This year the Summit was hosted in the new home of GerritForge in the USA, downtown
Sunnyvale, at The Satellite in the historic Del Monte building.
### What's new in Gerrit v3.0/v3.1
David Ostrovsky, Luca Mianesio (GerritForge) and Patrick Hiesel (Google) have presented
the new features and improvements introduced in Gerrit v3.0/v3.1, two closely
related versions.
Gerrit v3.0/v3.1 include respectively 1,589 and 1,443 commits, which together makes over
3k of changes compared to the latest v2.16.x releases. Gerrit major release number has been
incremented because of breaking changes introduced:
- Removal of the GWT UI
- Removal of ReviewDb (deprecated from v2.16)
- Removal of pushes to refs/drafts/* and refs/changes/*
New and noteworthy feature include:
- Re-introduction of Git protocol v2
- Significant speed-up of the Gerrit frontend and backend, showing up to 2x performance
improvement (Gatling automated tests)
Any upgrade to Gerrit v3.0/v3.1 require to have a stop at v2.16 and convert the changes from
ReviewDb to NoteDb.
### Road-map and migration path to Gerrit v3
Luca Milanesio (GerritForge) presented a deep-dive into the high-level process of
migrating Gerrit from old releases to the latest v3.1.
Migrating is always difficult, and Gerrit migrations before the advent of NoteDb were
alwyas cursed by the schema upgrades needed by ReviewDb. However, migrating to the latest
version is not an option and *must* be planned and executed systematically.

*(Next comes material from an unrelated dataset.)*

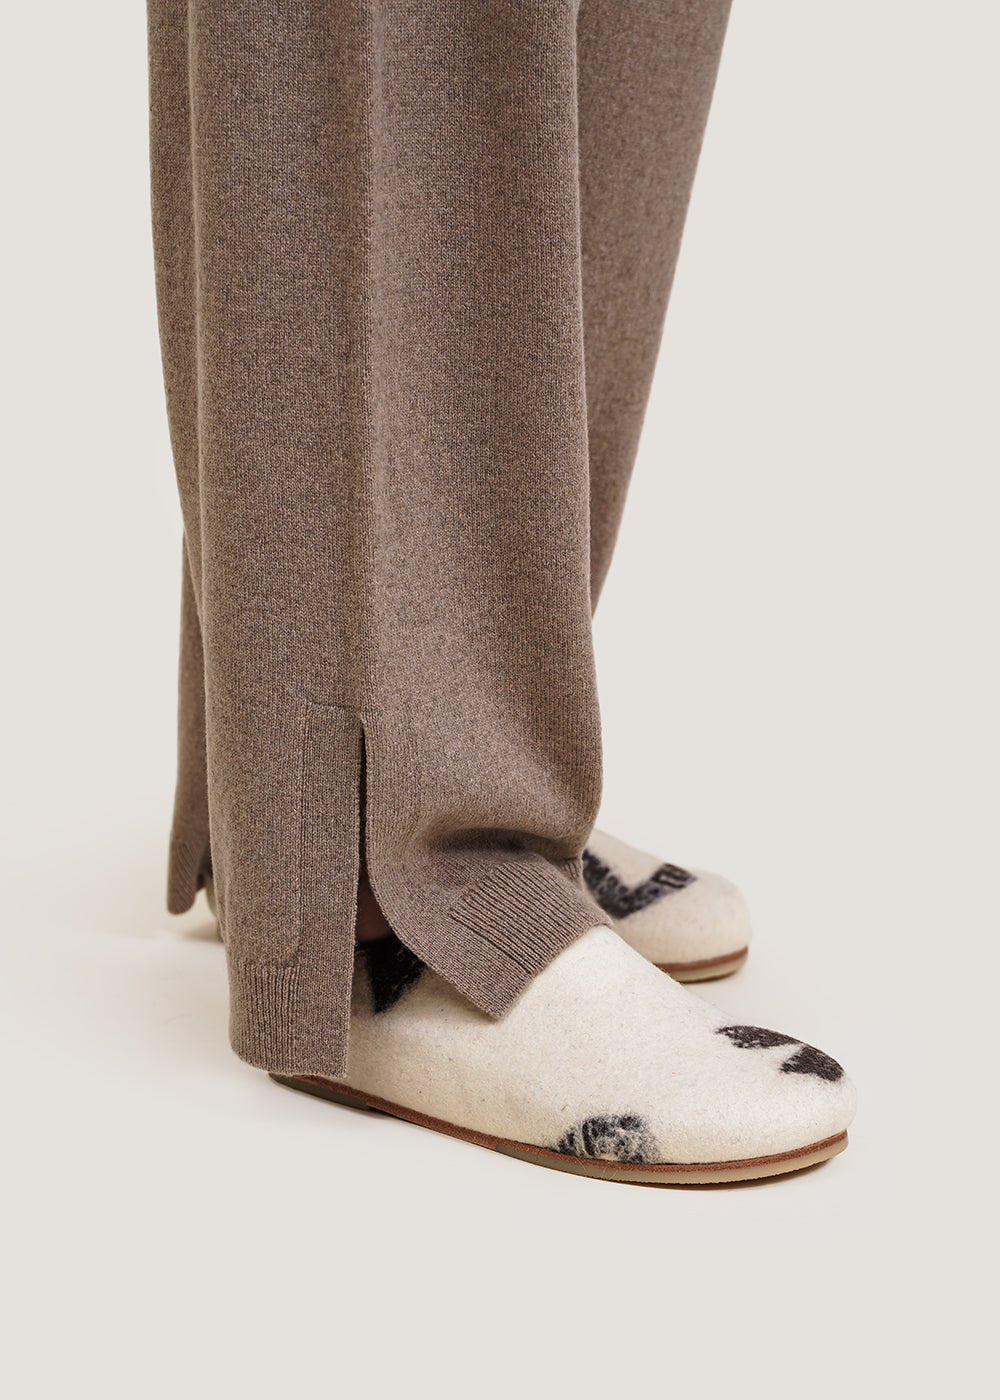 Cordera Taupe Cashmere Knit Pants - New Classics Studios Sustainable Ethical Fashion Canada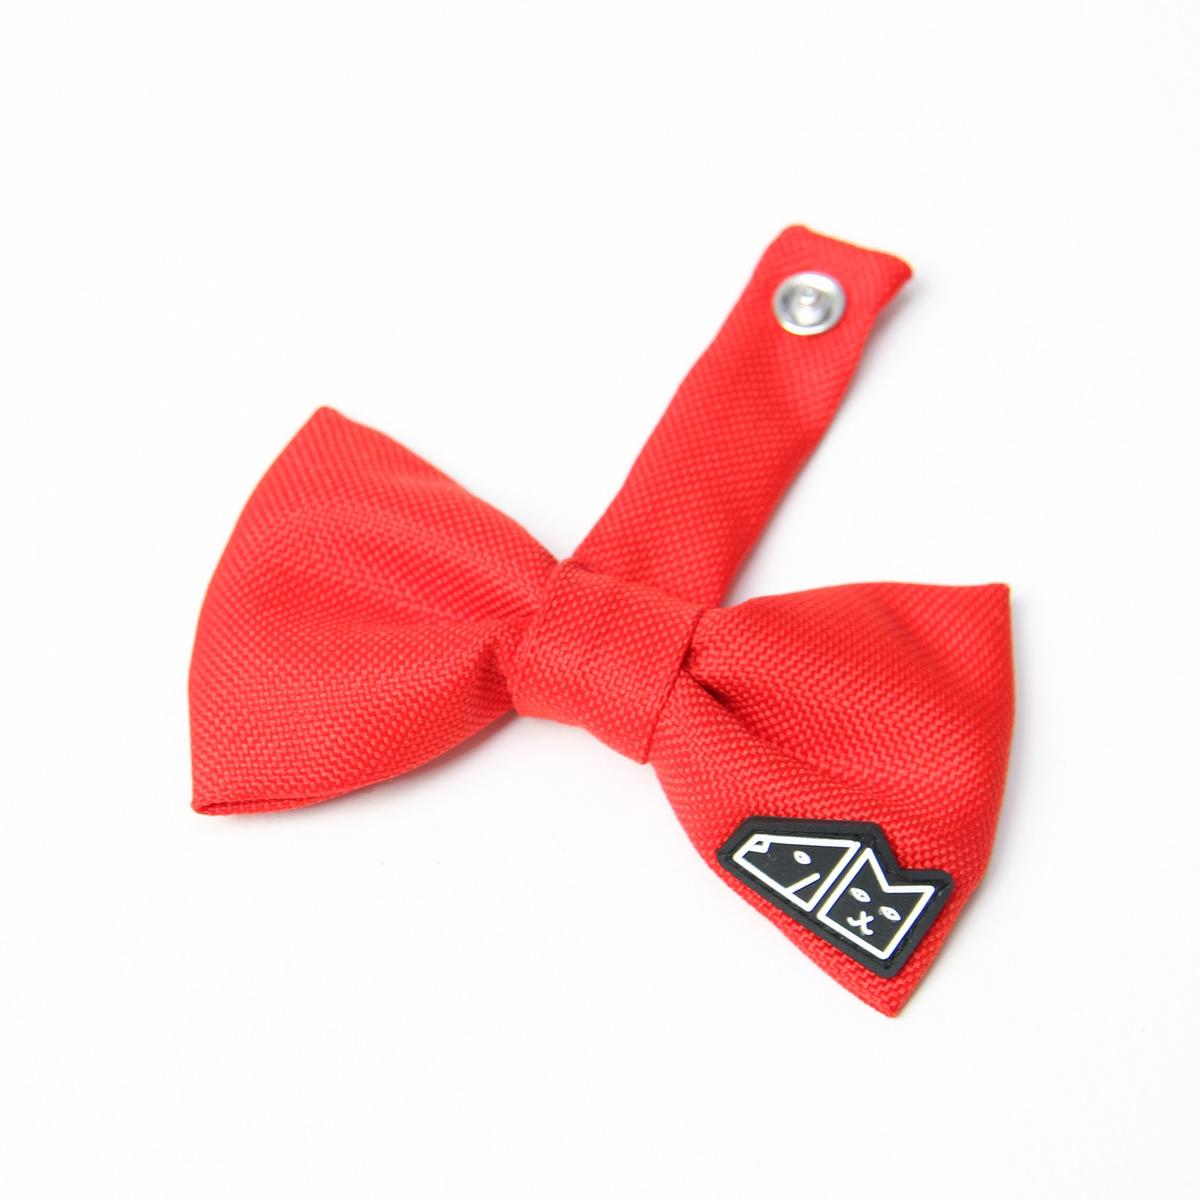 Bow tie "Red as a beet"

Luca classified Gerrit migrations in four quadrants, based on their version distance
and installation size.
1. Trivial
Small upgrade step (e.g. v2.15 to v2.16) for a small-sized Gerrit setup.
It is typically resolved by a war upgrade and Gerrit restart.
2. Complex
Small upgrade step for a large-scale Gerrit setup.

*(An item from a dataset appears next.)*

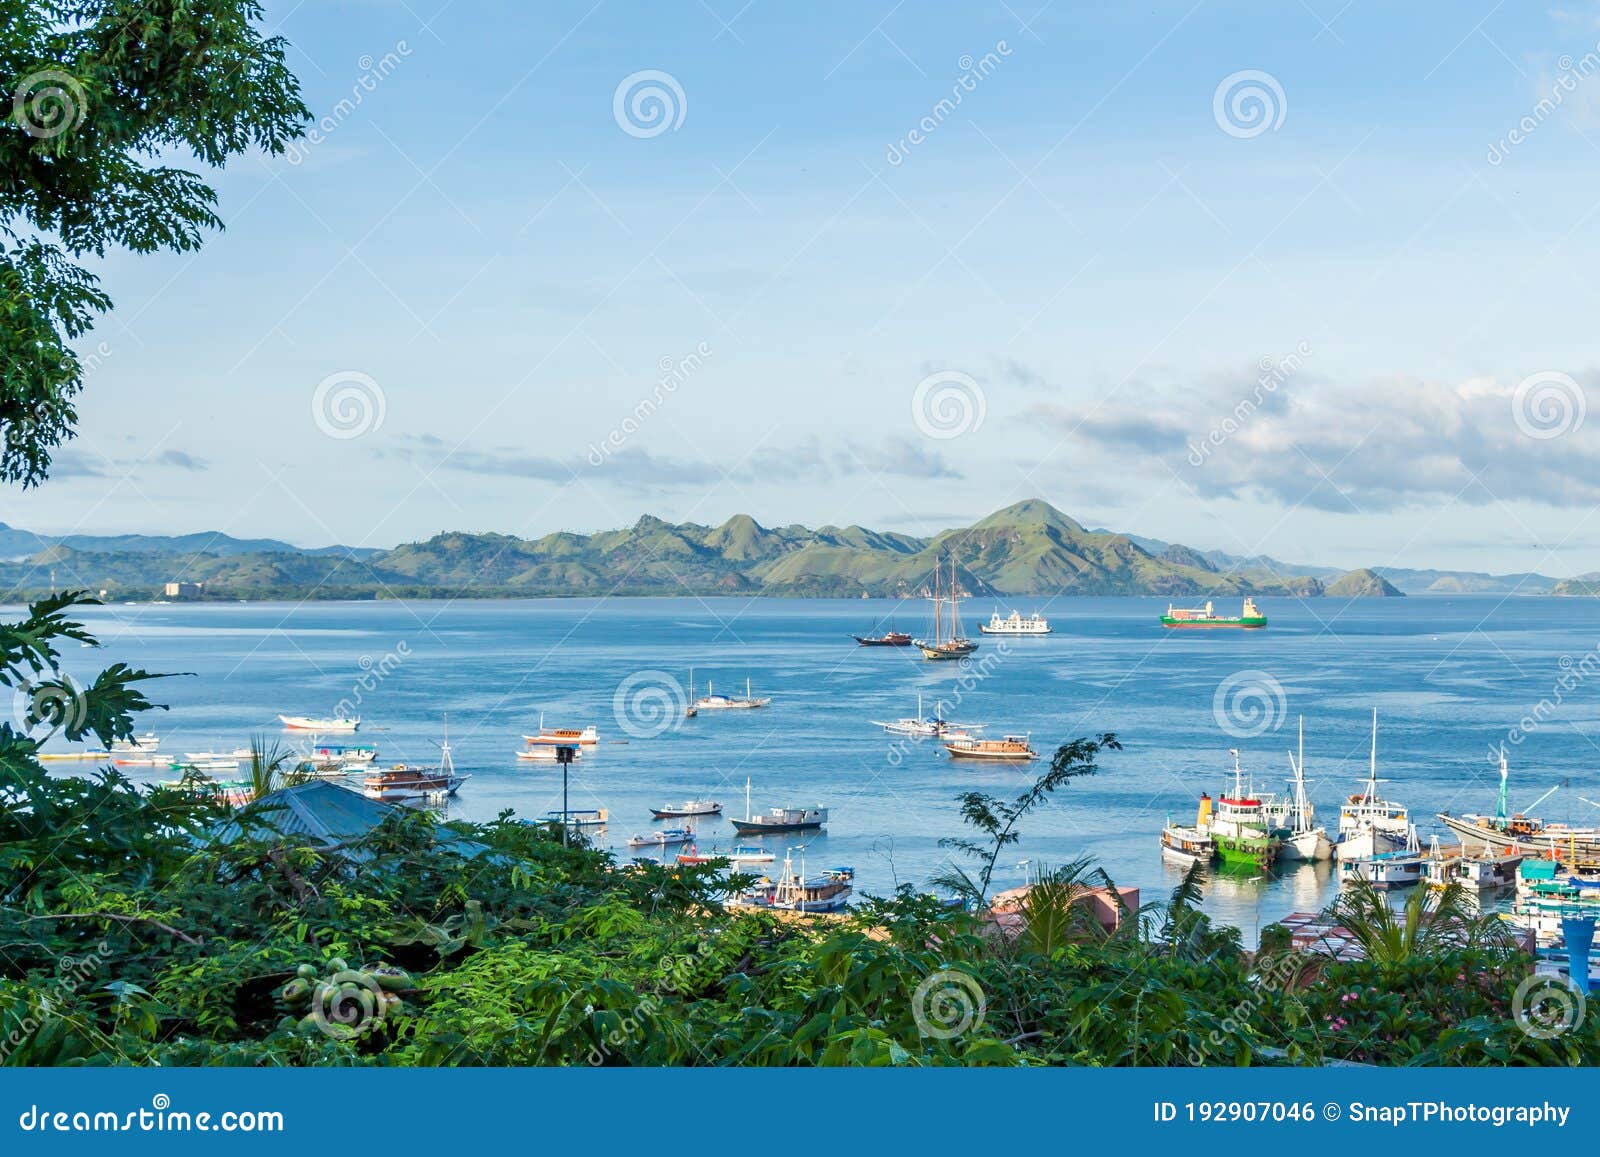 a view over labuan bajo harbour and palua karawo in early morning, indonesia

It typically requires more coordination and communication with the teams about
the planning and execution of the cutover plan. The outage window needs to be
tested and reduced to a minimum.
3. Risky
Big upgrade step (e.g. v2.11 to v3.1) for a small-sized Gerrit setup.
The big gap of releases introduce functional differences and gaps on
the different features (e.g. draft changes migrated to WIP/Private).
4. Ultrahazardous
Big upgrade step (e.g. v2.11 to v3.1) for a large-scale Gerrit setup.

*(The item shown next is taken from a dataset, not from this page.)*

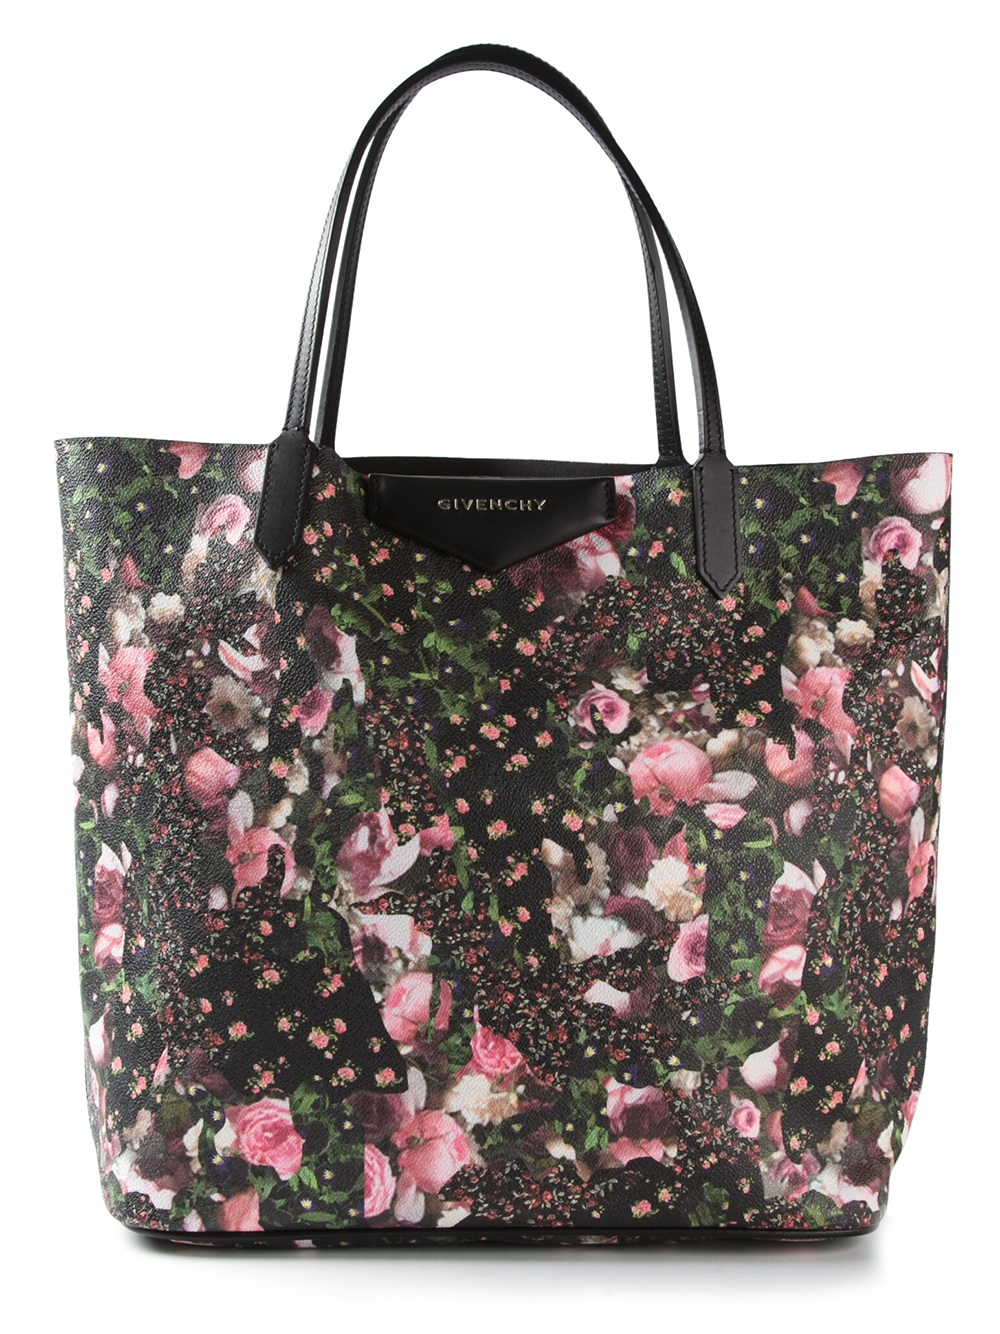 Givenchy Floral Bags & Handbags for Women, Authenticity Guaranteed

THe big functional gap combined with a large setup involving potentially
hundreds or thousands of people may lead to a very delicate and hazardous
upgrade.
Luca went through the overview of how to plan and execute the migrations of type
1., 2. and 3. while advised to avoid type 4. migrations as they may lead to
expensive and un-necessary risks.
Any upgrade of type 4. can be translated as a series of upgrades of type 2. which
would lower the risk and increase the confidence and understanding of the new
Gerrit features.
Gareth Bowles (Apple) presented his experience on managing Gerrit and automating
each phase of its lifecycle using Ansible. Apple's installation has 1k projects with
over 670k patch-sets and used by over 800+ worldwide.
Cesare San Martino (GerritForge) explained how the adoption of Gerrit high-availability
plugin and architecture can help in lowering the risks associated with migrations and
reduce the outage window to a minimum if not even to zero in certain cases.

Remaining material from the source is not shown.